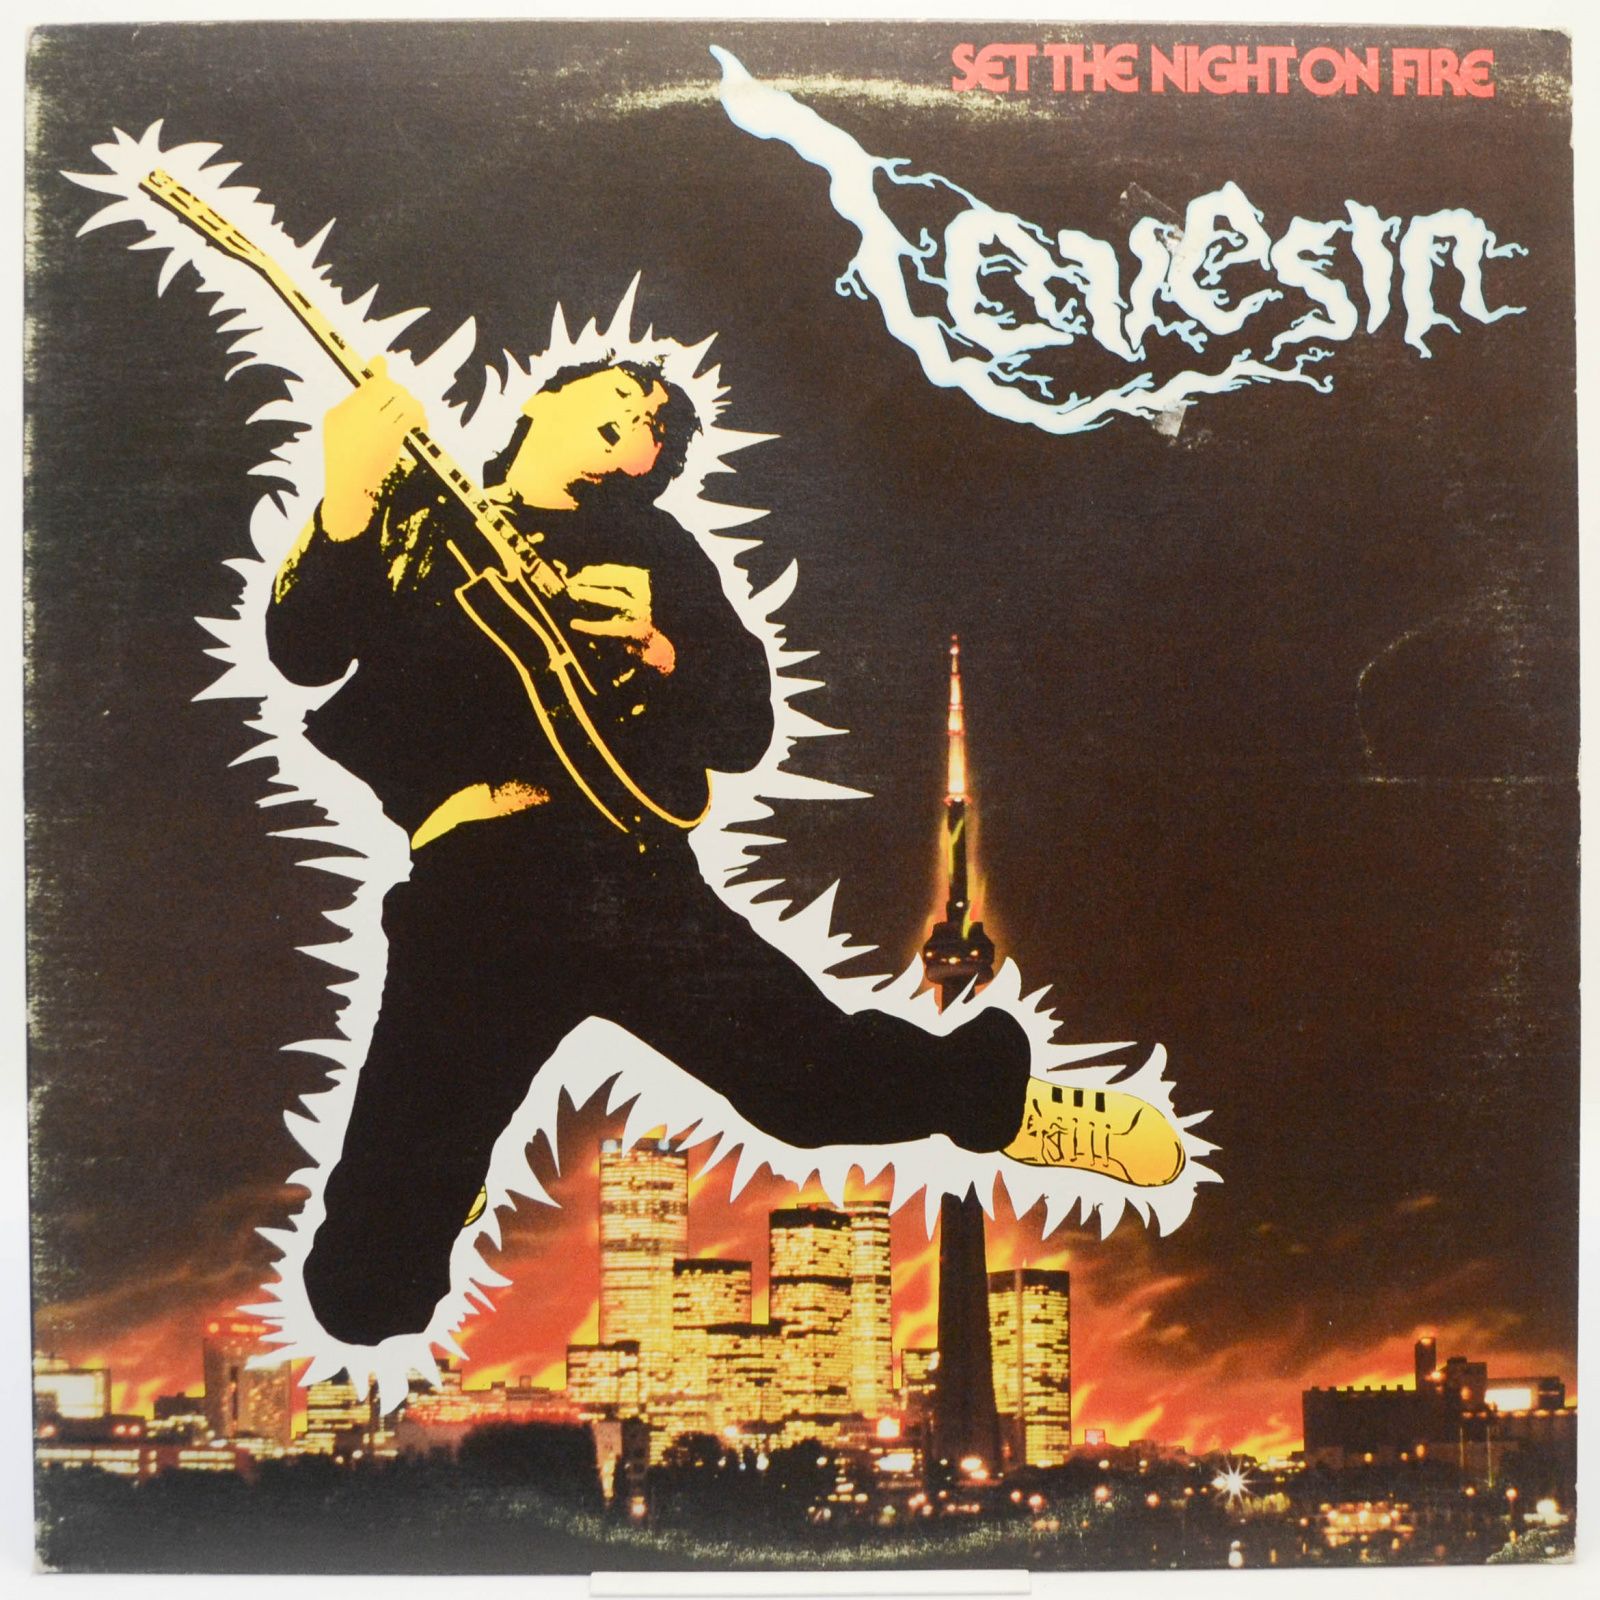 Lovesin — Set The Night On Fire, 1980
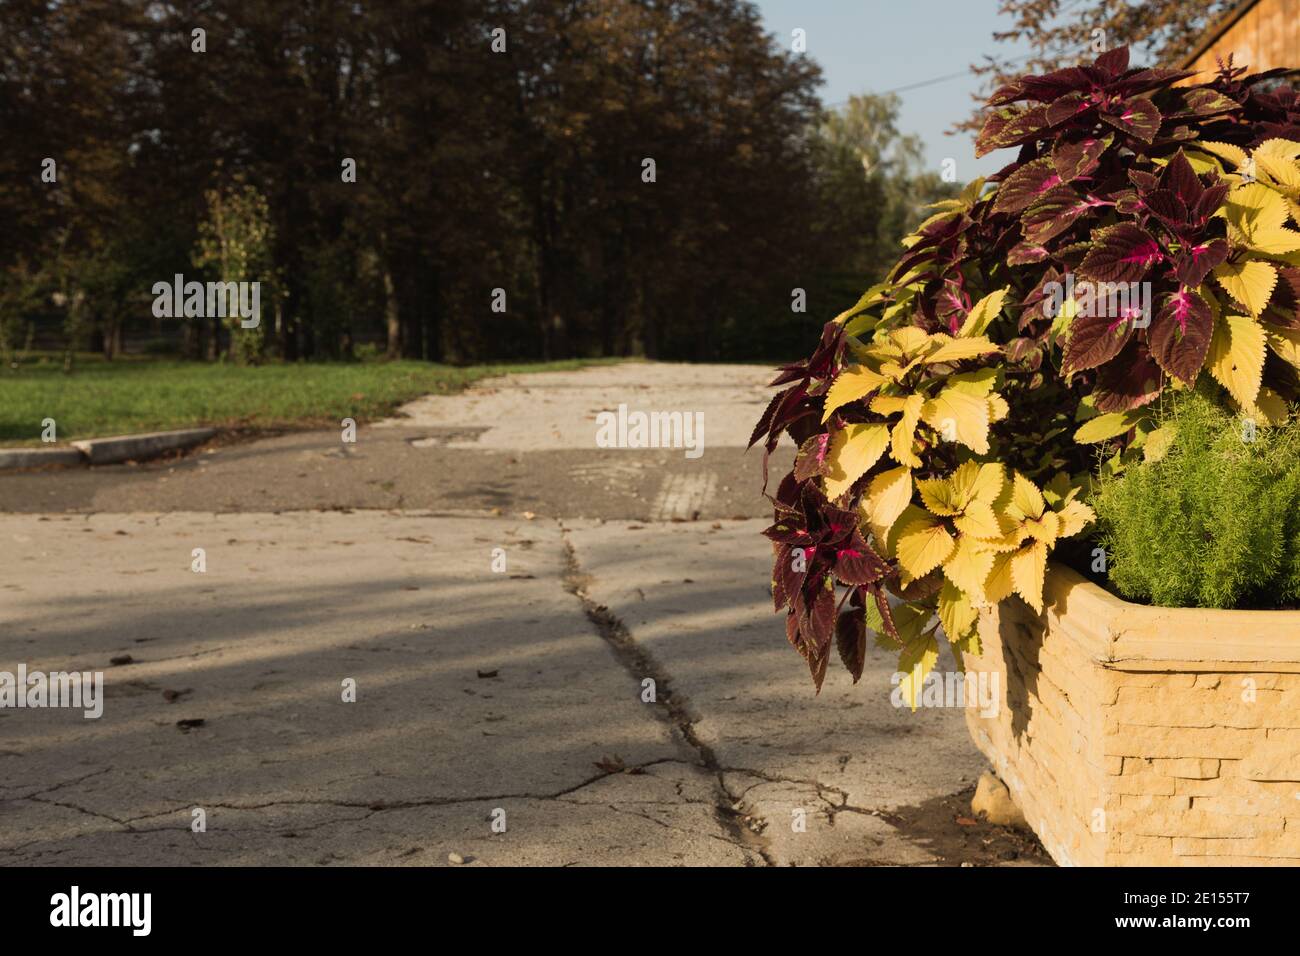 Un Coleus coloré en pleine floraison dans un parc abandonné. Coleus est un genre d'herbes ou d'arbustes annuels ou vivaces, parfois succulents, parfois en chair Banque D'Images
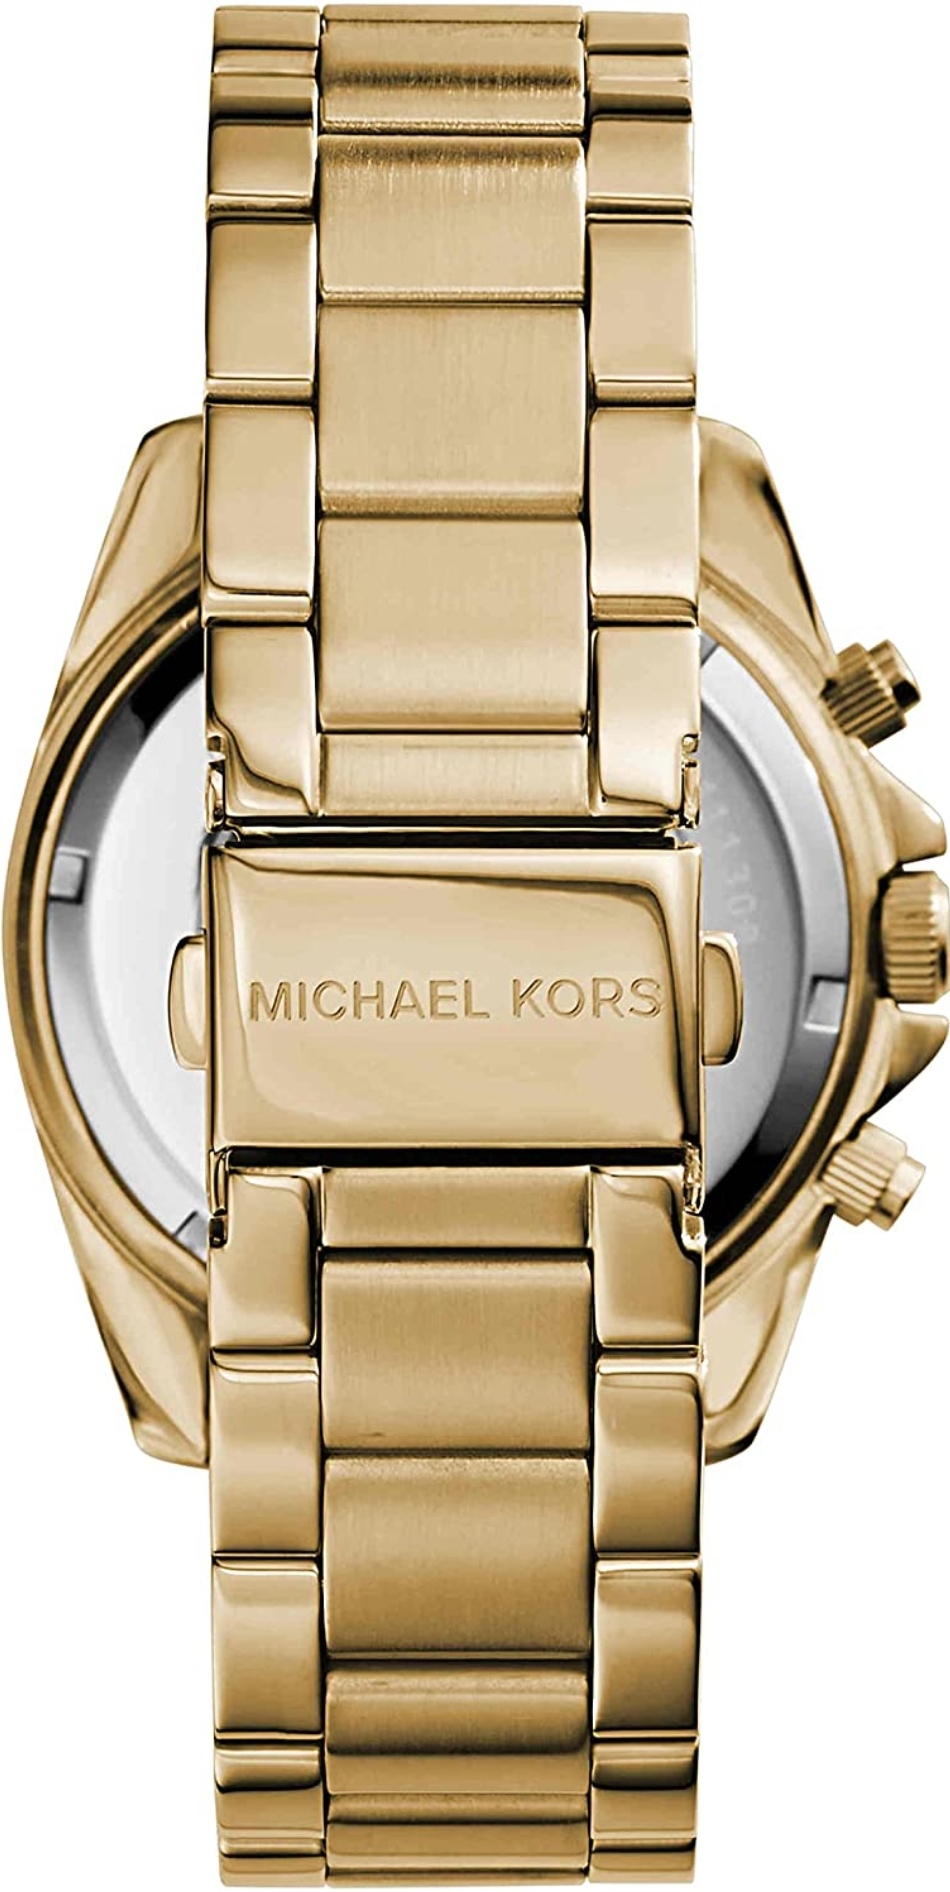 Michael Kors MK5166 Ladies Blair Watch - Image 7 of 10

########################################

- What you have to do
The expected result is the material restated word for word, minus any picture.

- Response below
 Lovesin — Set The Night On Fire, 1980
 Un Coleus coloré en pleine floraison dans un parc abandonné. Coleus est un genre d'herbes ou d'arbustes annuels ou vivaces, parfois succulents, parfois en chair Banque D'Images
 Michael Kors MK5166 Ladies Blair Watch - Image 7 of 10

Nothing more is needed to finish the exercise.